The Razorbacks won because they refused to lose. They bounced back from an early 1-0 deficit to tie the score in the fifth when Craig Gentry hit a sacrifice fly to score Walker, who reached on a one-out single, from third.

Then in the sixth, Danny Hamblin slammed an RBI double off the green monster in left to give the Hogs their first lead in 23 innings. With runners on first and third later in the inning, Arkansas executed a "rabbit play" (both runners take off before the pitcher starts his delivery) to push the lead to 3-1.

"We screwed up an inning in the sixth," Corbin said. "They ran a stink play which we run ourselves. We run it in practice, we just didn't react to it."

Vanderbilt evened the score again with RBI singles by Ryan Flaherty and Matt Meingasner in the bottom of the eighth to set up Walker's late-game heroics. After Walker's homer, Arkansas added another run on an single by Hamblin to take a two-run lead into the Commodores' final at-bat.

Hogs releiver Chris Rhoads started the ninth, but didn't last long after walking two of the first three batters he faced. He was replaced by Devin Collis, who made a key play with the bases loaded when he stumbled forward while fielding a high-chopper and flipped it to Walker for the force out before falling to the ground.

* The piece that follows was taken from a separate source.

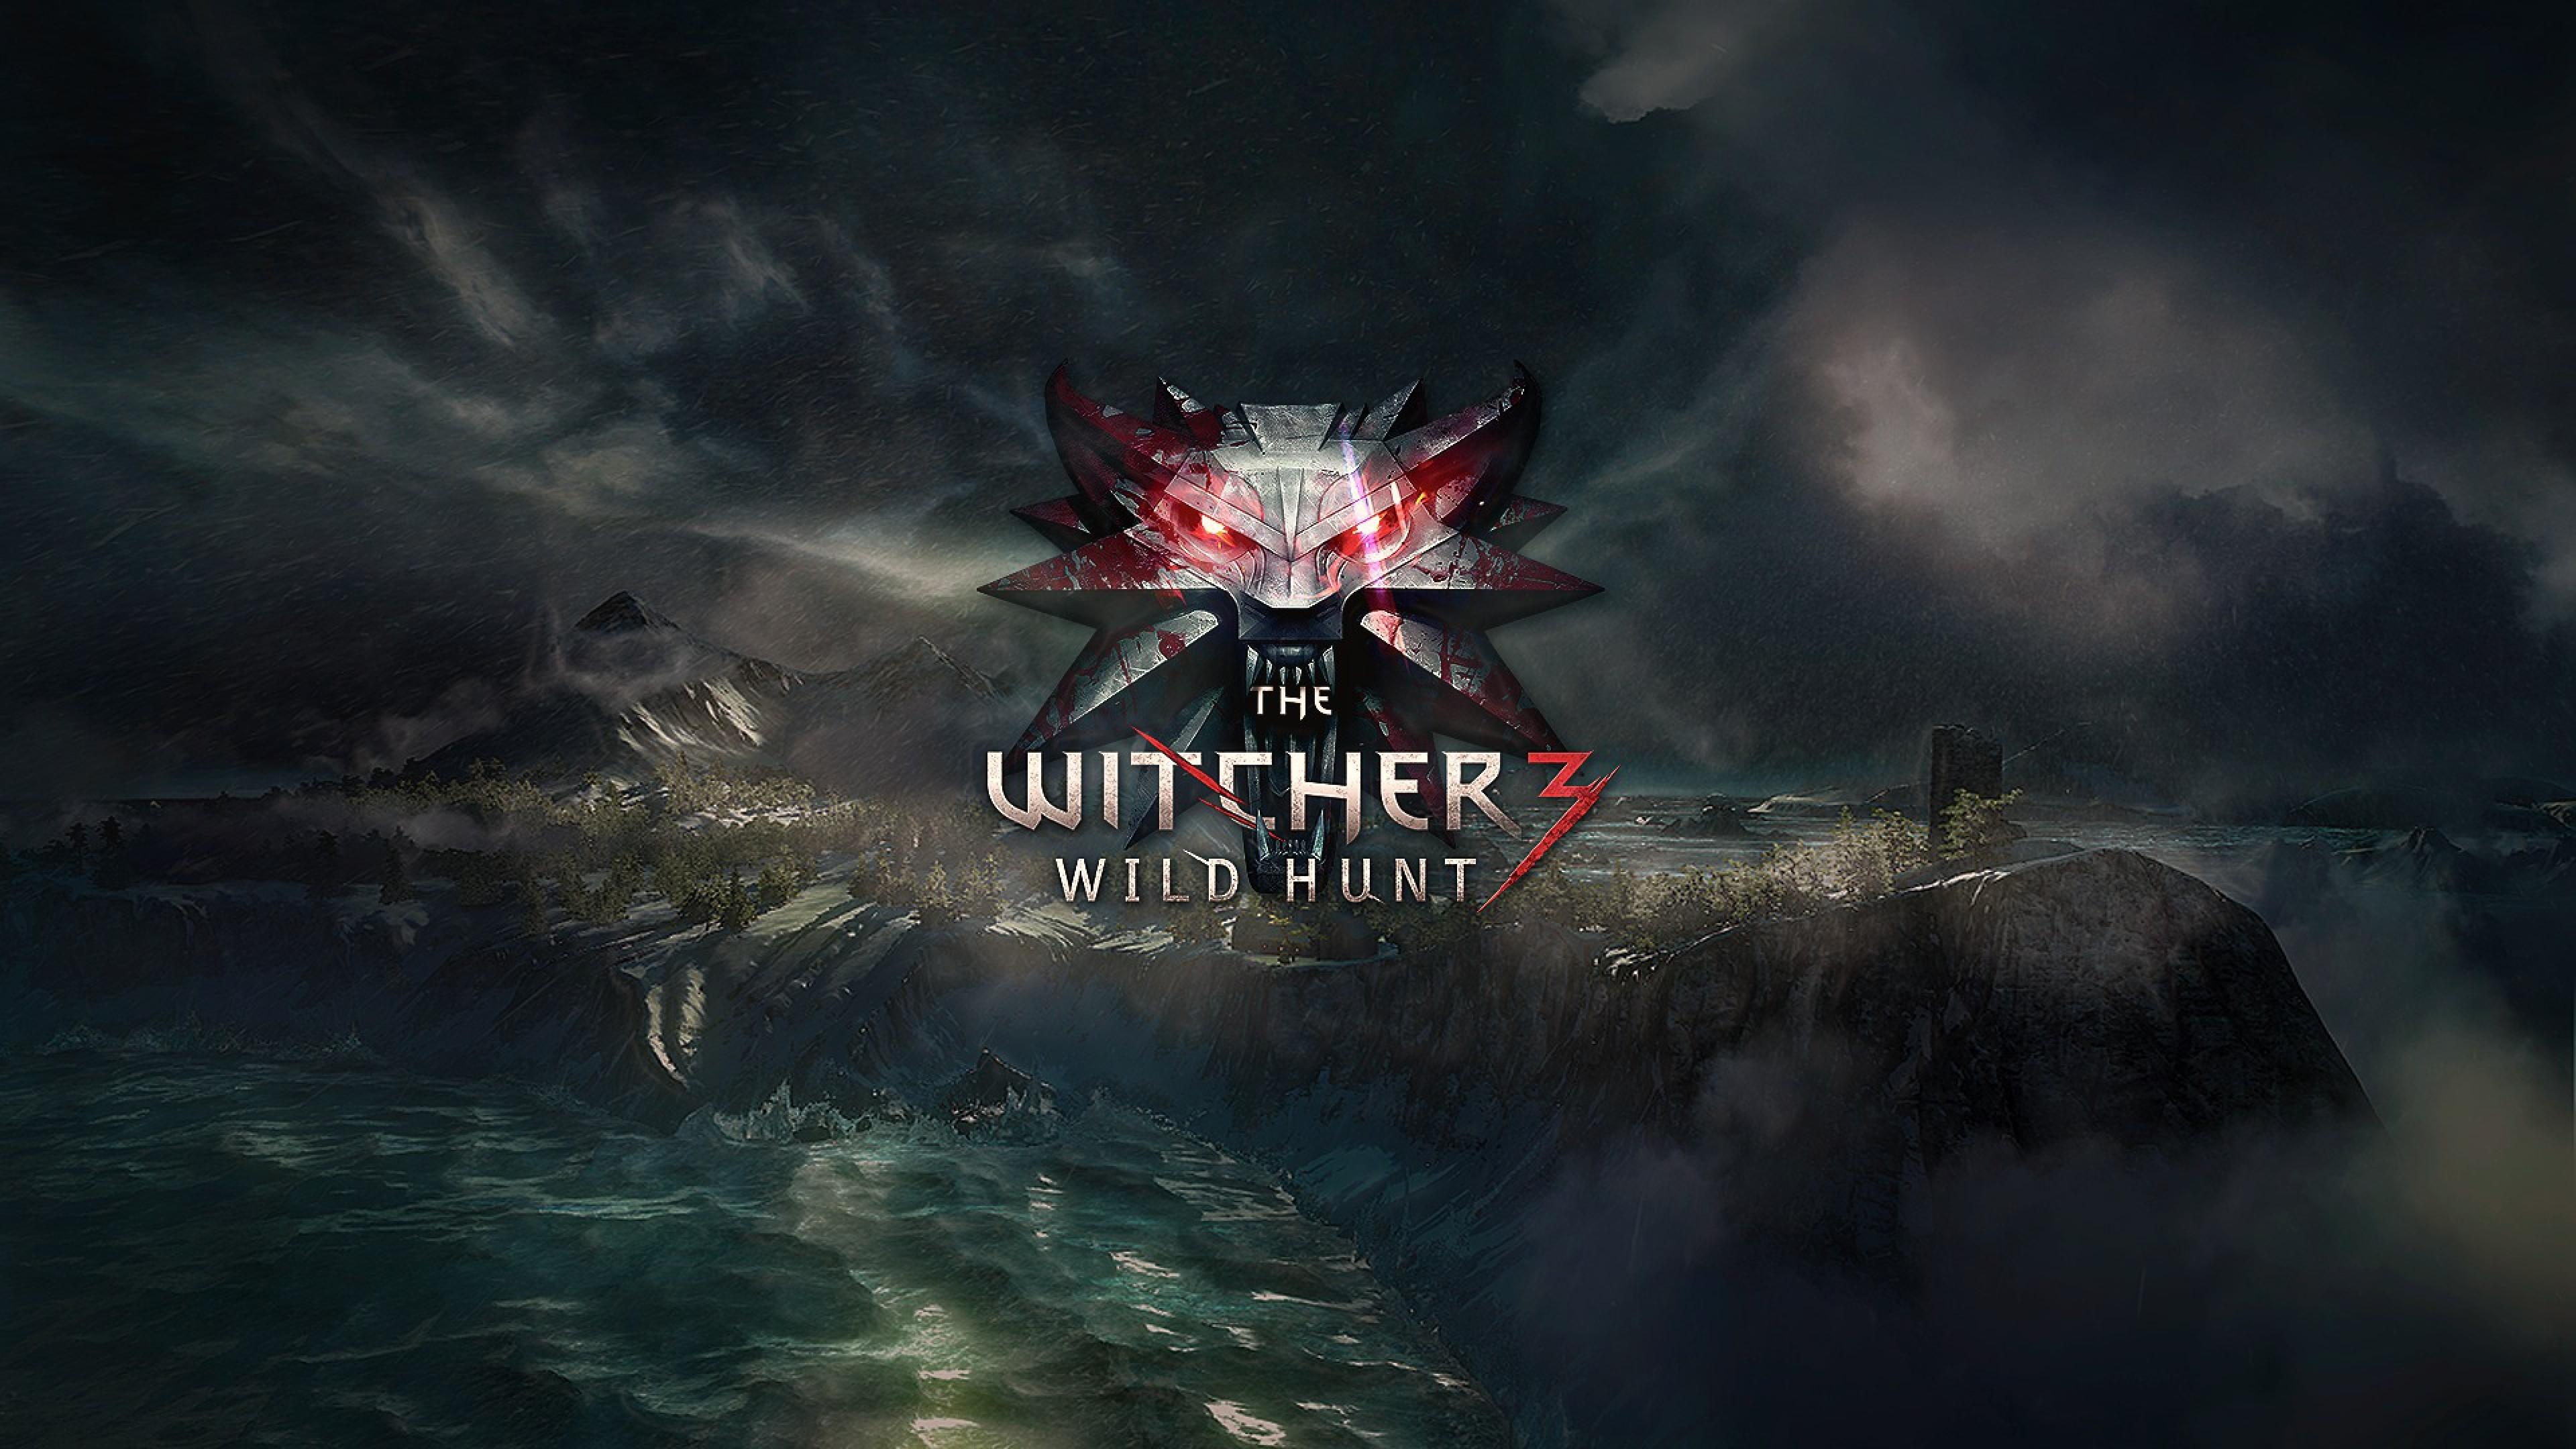 Wallpaper the witcher 3, wild hunt, logo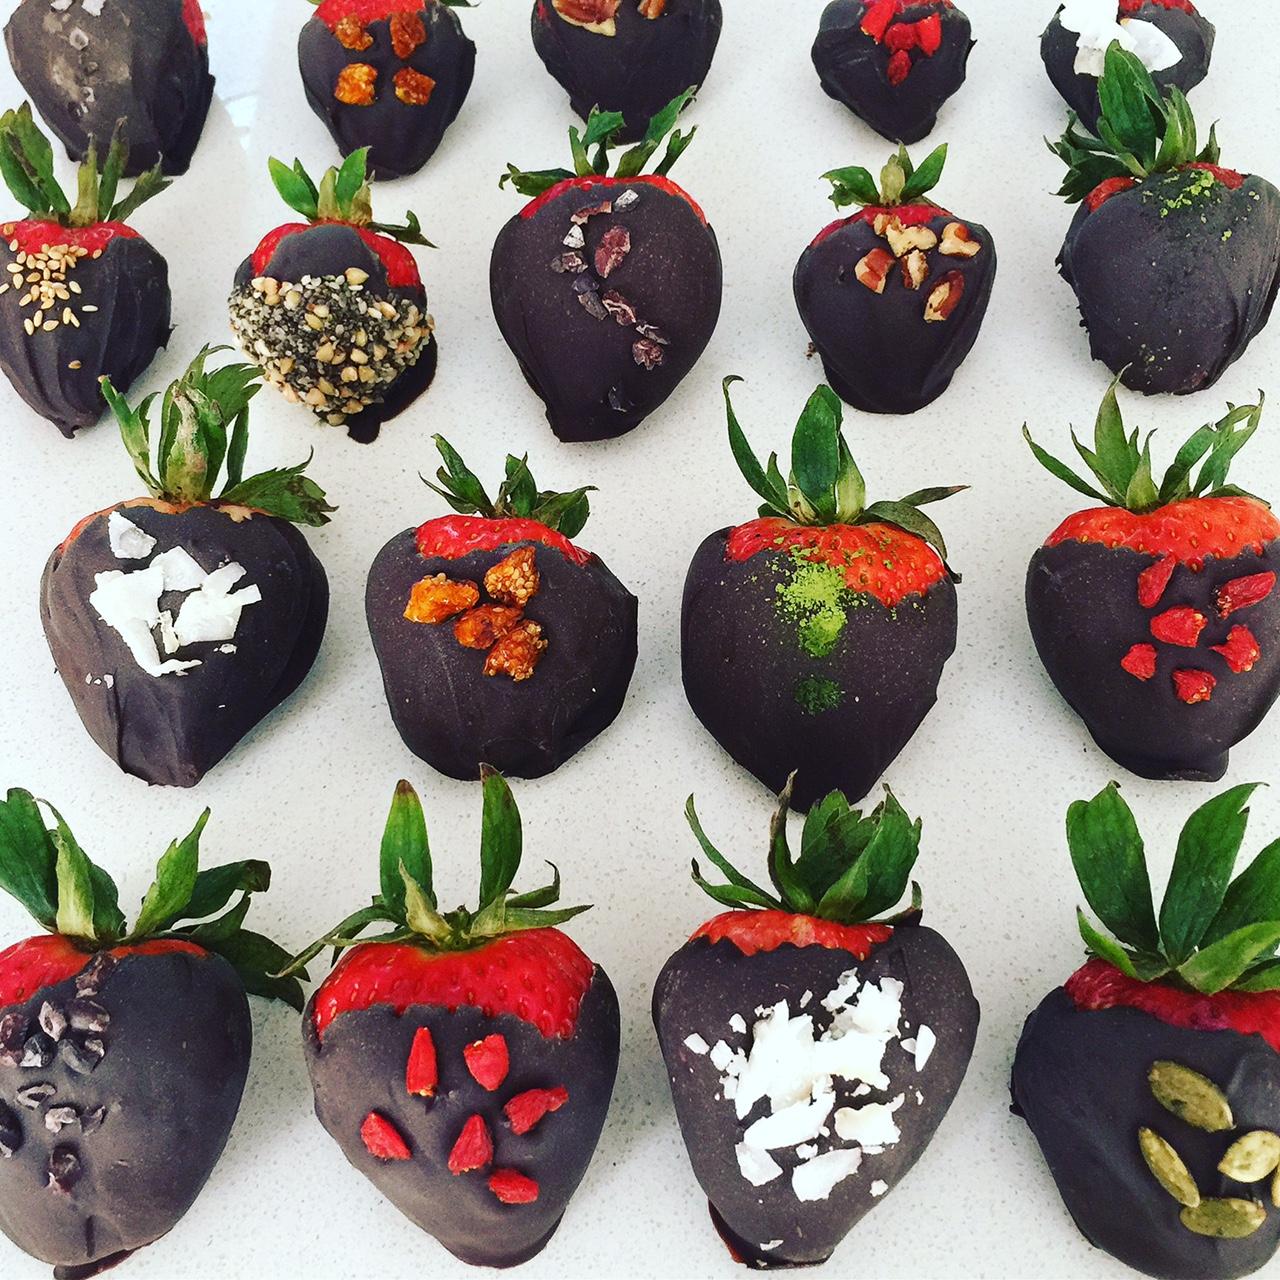 Superfood Chocolate Covered Strawberries

Collis then ended the game by striking out Alex Feinberg with a nifty breaking ball to record his fifth save. As Feinberg swung and missed, all nine Razorbacks on the field seemed to jump into the air and pump their fists almost in unison, a sure sign of an important conference win.

"For us to hold onto that was huge," Van Horn said. "What a big inning for us. Top of the ninth after they came back and tie and we came back to score two runs. We told the team before the game, ‘Hey, let's find a way to win today. Let's get after it.'"

A textbook piece of hitting by Meingasner put Vanderbilt on the board in the second inning. With runners on first and second and two outs, Meingarden went with a fastball away to slice it just inside the right-field line for an RBI single.

"It was supposed to be a breaking ball from (UA pitching coach Dave) Jorn, but I changed it up because we were picking behind the runner at first," Walker said. "(Schmidt) was angry and I was like, ‘Don't be angry at Coach. It was me.' So he was like, ‘Well, then hit a home run.'

"And I ended up doing that later in the game, so it's funny how things work out."